Not for weeks, and certainly not for any longer than a day or two at the very most. If you're nauseated and cannot eat, it's not going to hurt. At least the intake of something is better than nothing.
It can,however, become a habit for some...believing it will heal the bowel.
It's not usually recommended for UC unless you're going an unusual amount of times. I was going almost 20 times a day, the doc didn't suggest bowel rest. He did, however, suggest dicyclomine to help slow things a bit...it helped with the spasming and cramping.
But...I was also given rectal meds.
And the docs should try people on the 5ASA enemas before the steroid enemas...or use the steroids to bump up the 5ASA if needed. There's no shortage of suggestions or options regarding rectal meds..and should be part of every UCer's regimen.

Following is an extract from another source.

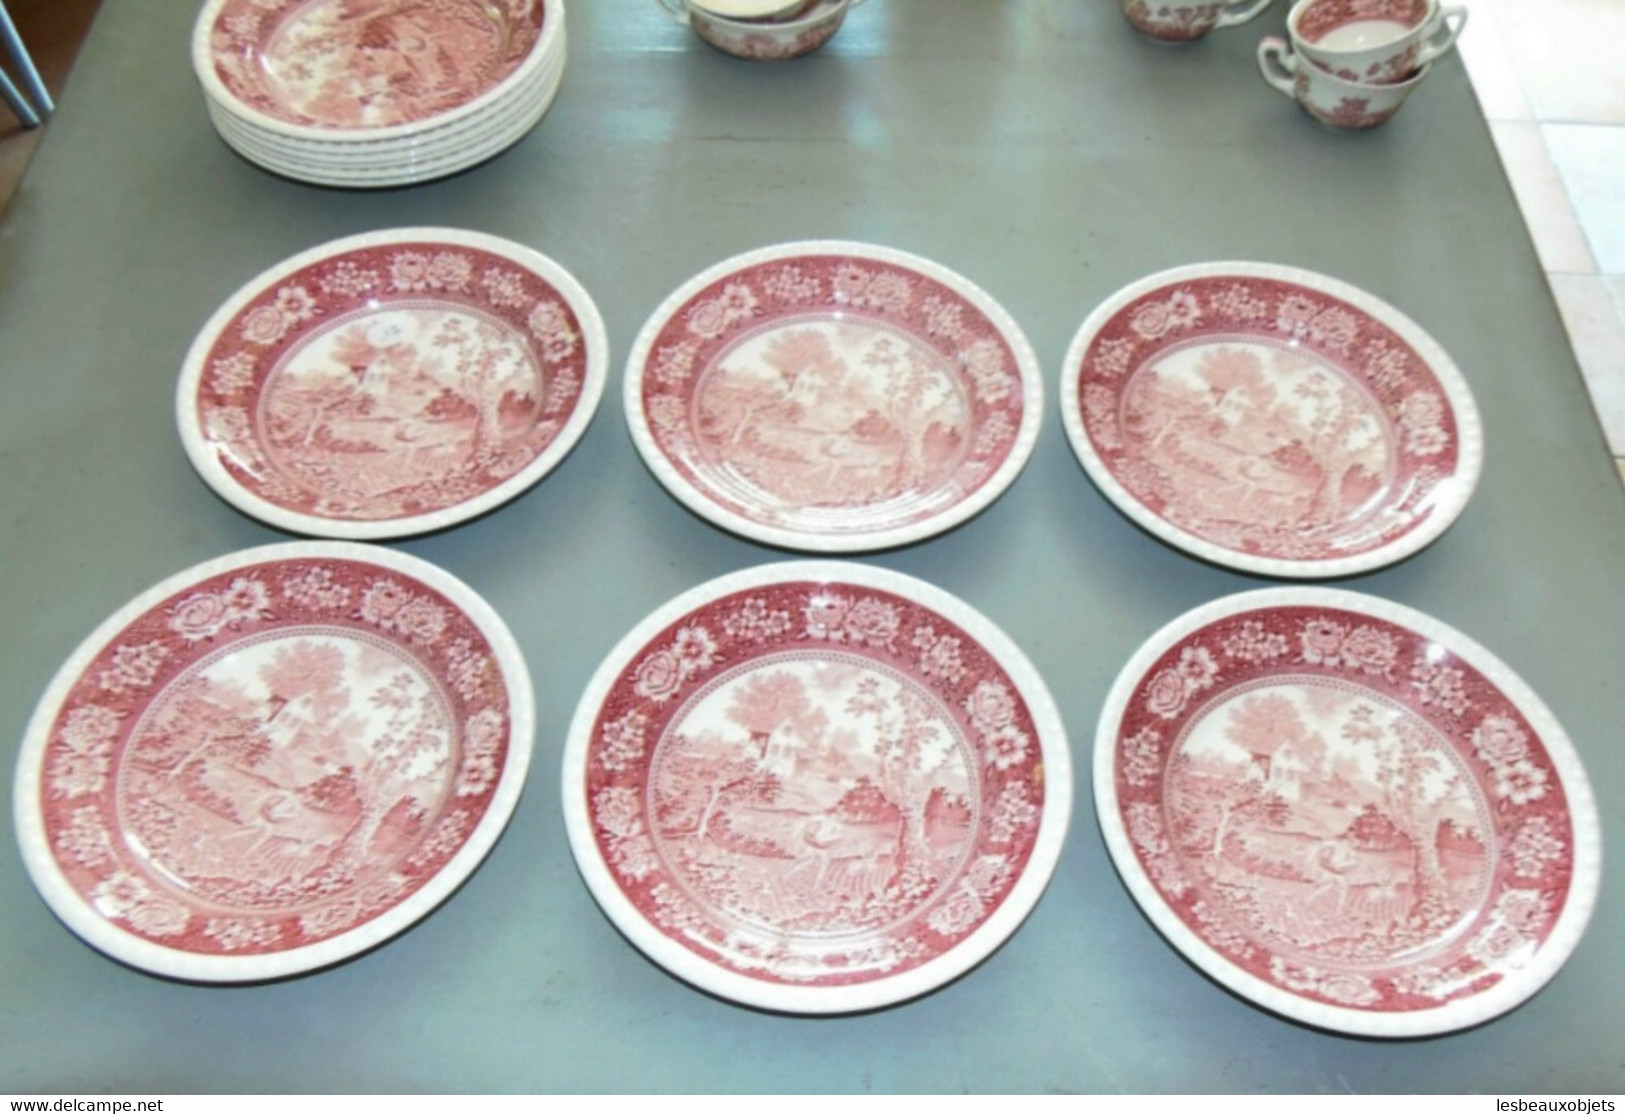 6 ASSIETTES CREUSES CERAMIQUE VILLEROY & BOCH V&B RUSTICANA rose déco TABLE N12 collection déco céramique vitrine

*Heather*Status:mini flare June 23* 6asacol daily+ Salofalk (tapered every 3rd night)
~diagnosed January 1989 UC (proctosigmoiditis)
~5ASA: Asacol + Salofalk enemas (increase for flares tapered to maintenance)

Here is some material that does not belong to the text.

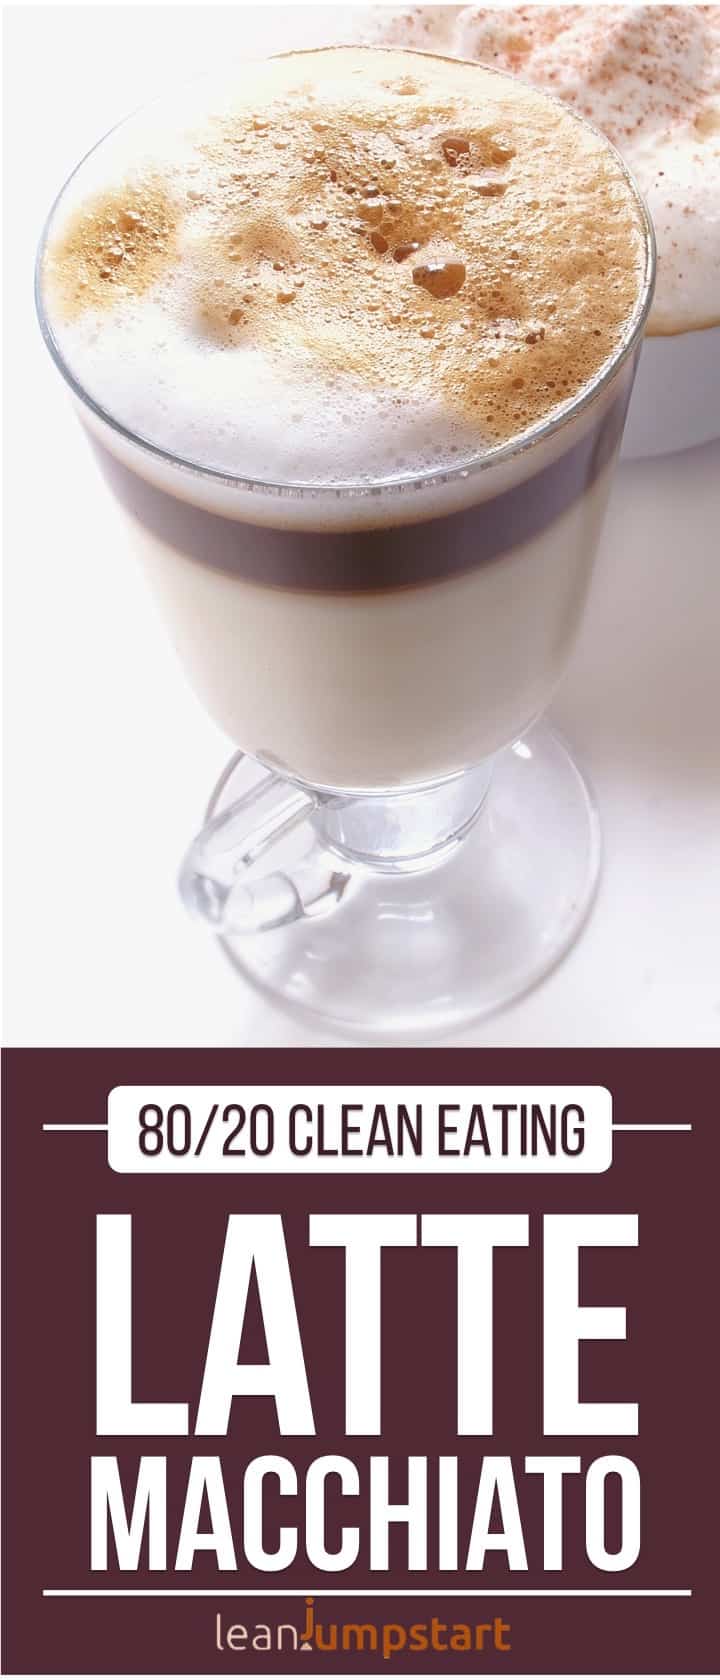 latte macchiato coffee snack

~Bentylol (dicyclomine) 20mg as needed
~Probiotic 2 (Natural Factors Protec) + 1 (Primadophilus Reuteri) at bedtime
~Natural Factors Multi Digestive Enzymes with supper
~Ranitidine,Pariet (reflux) Effexor XR 75mg; Pulmicort/Airomir (asthma)
~URSO for PSC (or PBC) 500mg X 2 daily (LFTs back to NORMAL!!)
My doc's logic.. "TREAT (FROM)BOTH ENDS" worth it !!!